Além disso, a peça traz misturas aparentemente incongruentes, como o popular e o erudito, o baixo e o elevado, o trágico e o cômico, a catarse e a razão, o que Cecilia sugere como reveladoras da instabilidade do universo retratado pelo espetáculo. “Dependendo do trecho que você escolhe da peça, elementos muito diferentes se apresentam”, conta a professora. Há também a constatação de que algumas das canções que fazem parte da peça, como a homônima Gota d’agua, Basta Um Dia e Bem Querer, são momentos de intensificação da experiência da protagonista, e não de distanciamento, como já se afirmou na academia.

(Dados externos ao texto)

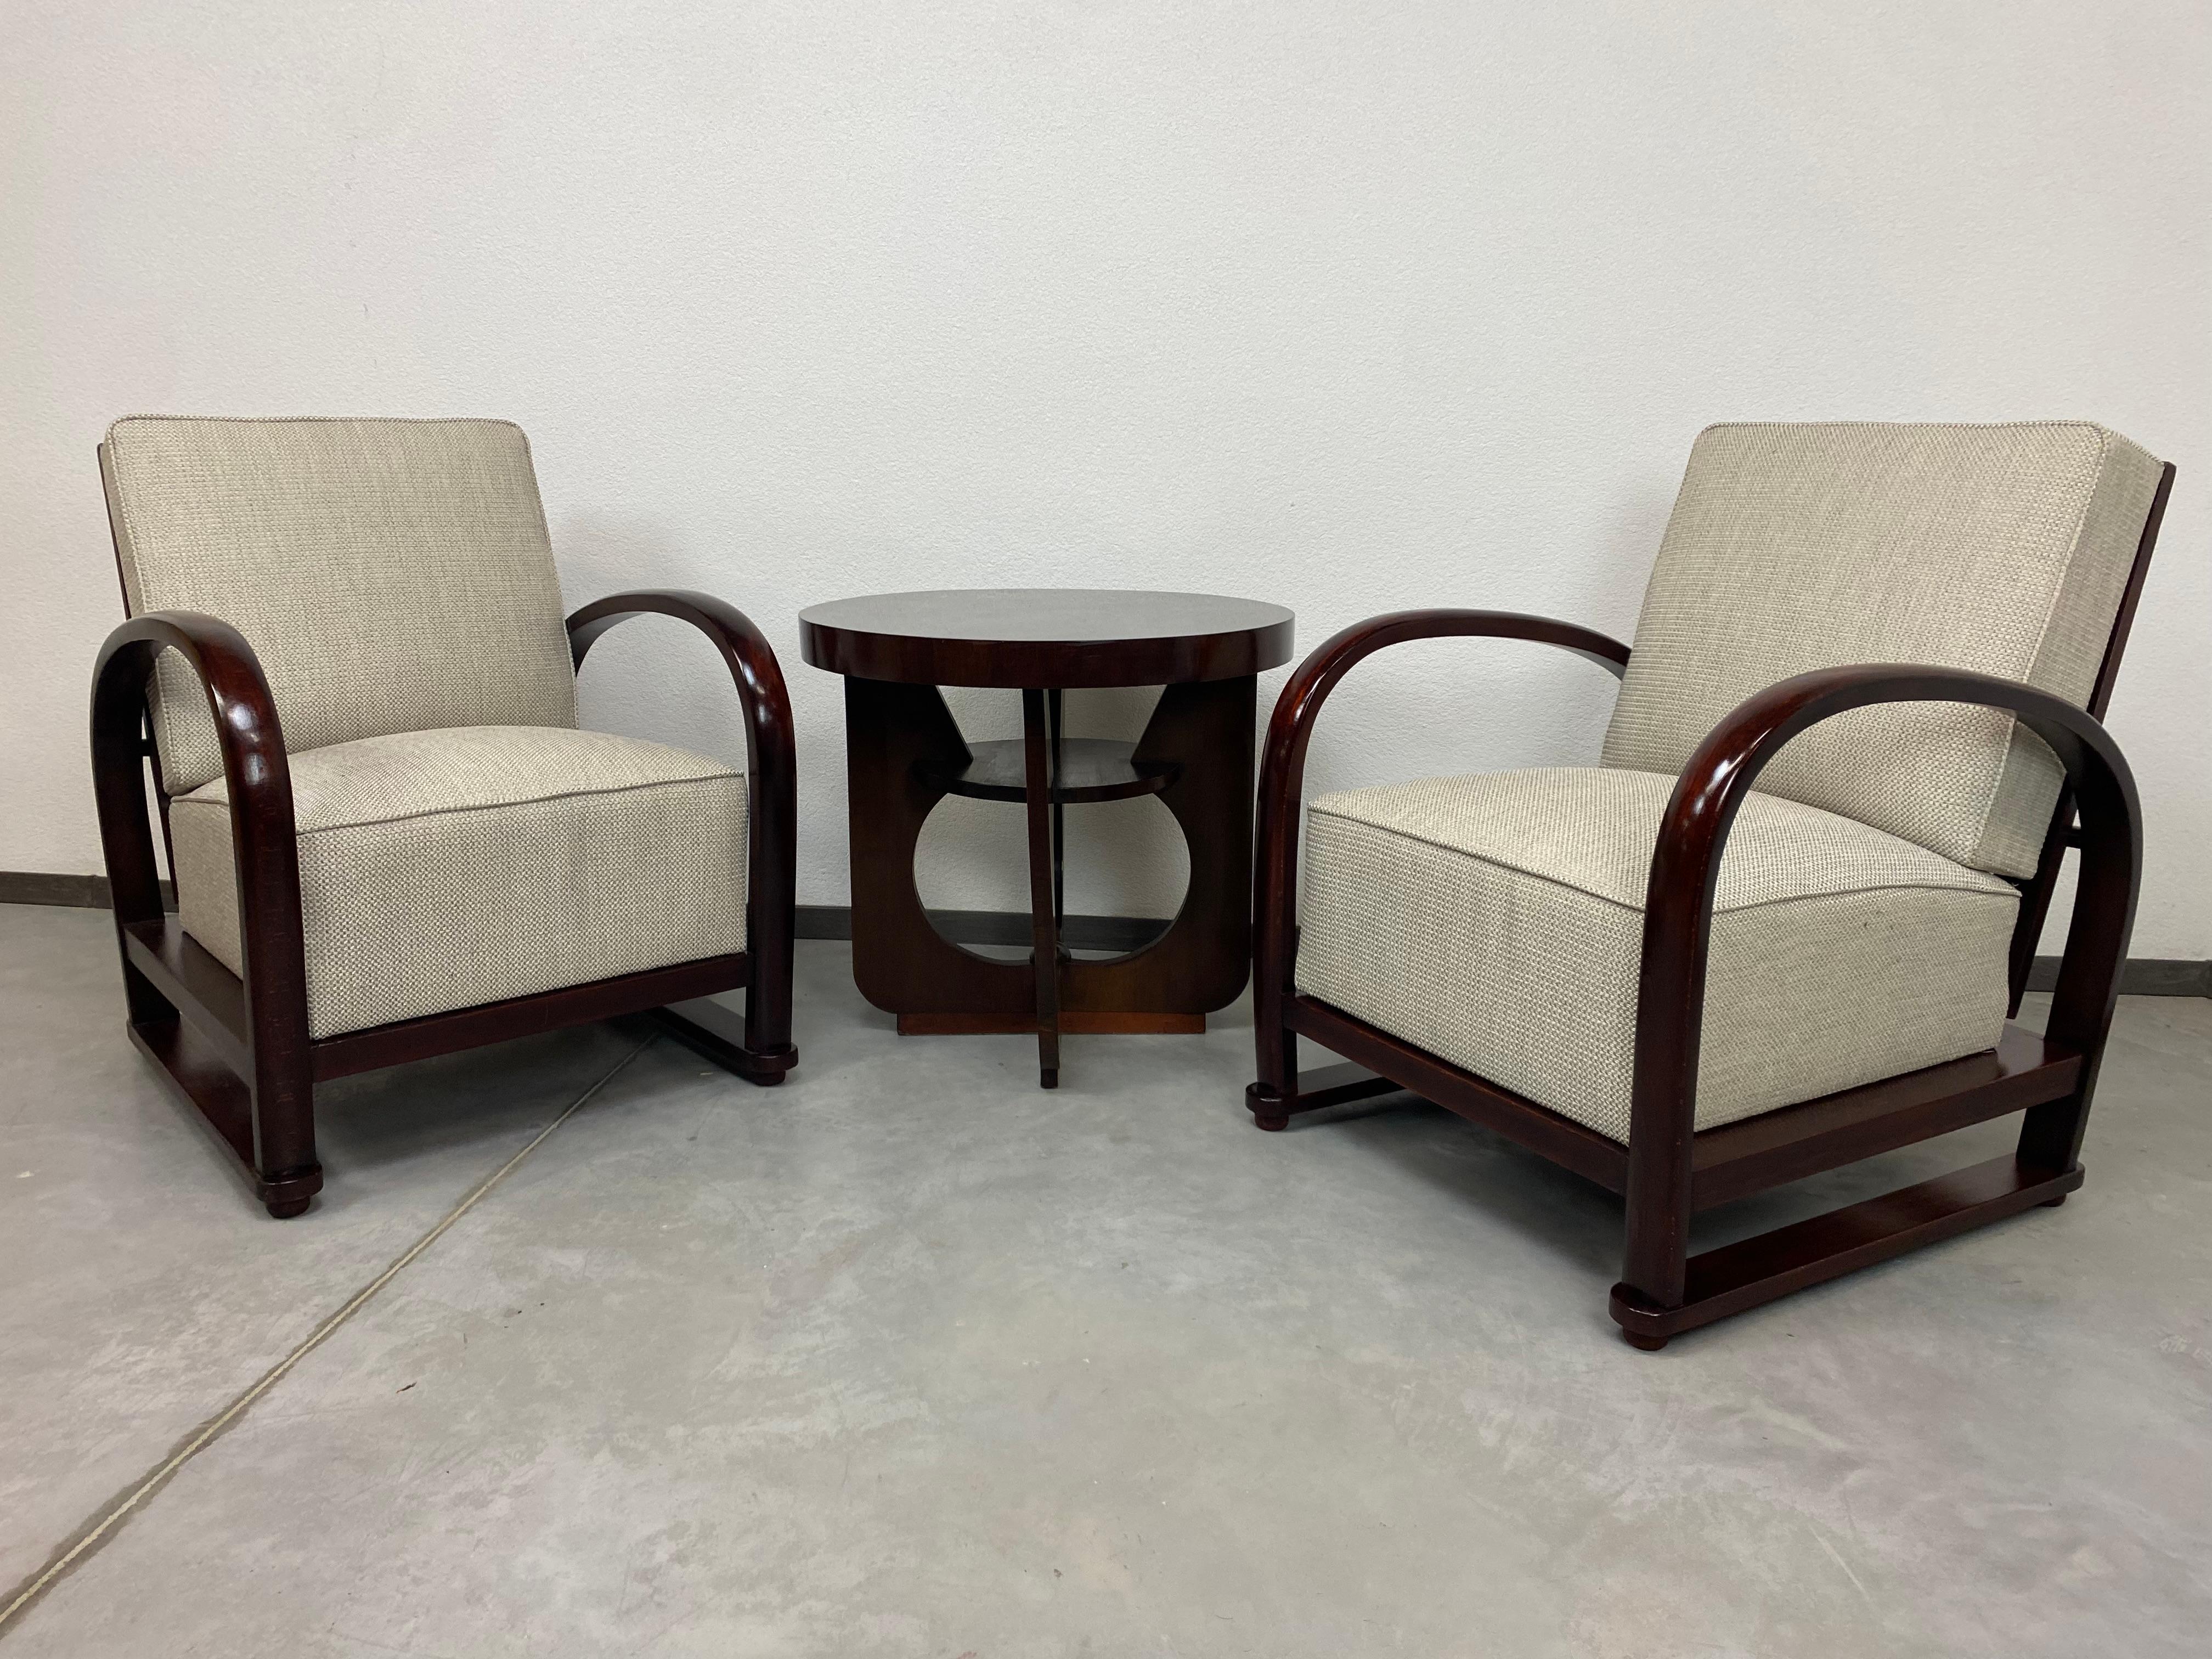 Very rare secession adjustalble armchairs in style of Wiener Werkstatte by Pancota Vienna, professionally stained and repolished.

Todas essas descobertas foram feitas ao longo de três anos, período no qual o estudo se desenvolveu e a pesquisadora se debruçou sobre o texto da peça, a história do teatro brasileiro, o período da ditadura militar, a carreira de Chico Buarque e de Paulo Pontes.

Orientada pelo professor Ivan Francisco Marques, Cecilia, ao desenvolver sua dissertação de mestrado, contribuiu para um movimento que vem crescendo na academia: a valorização do Teatro Nacional Popular Brasileiro e da presença de temas políticos na arte das décadas de 1960 e 1970. No caso da peça Gota D’água, a obra teatral se destaca por ser a adaptação teatral da peça Medeia, de Eurípedes, para a situação social e política brasileira. Assim, na análise da sua estrutura, há o desafio de buscar o contraponto entre os versos de Eurípides e os versos de Buarque e Pontes.

Entre os questionamentos que precederam a elaboração do trabalho, estava a atualidade do texto, se ele ainda seria interessante em plenos anos 2000. No entanto, segundo Cecilia, a mistura de contradições, como efeitos racionalizantes e efeitos intensificadores da emoção em um mesmo texto, é a responsável por fazer com que, quase 40 anos depois, Gota D’água ainda seja um um texto de grande importância para o teatro nacional.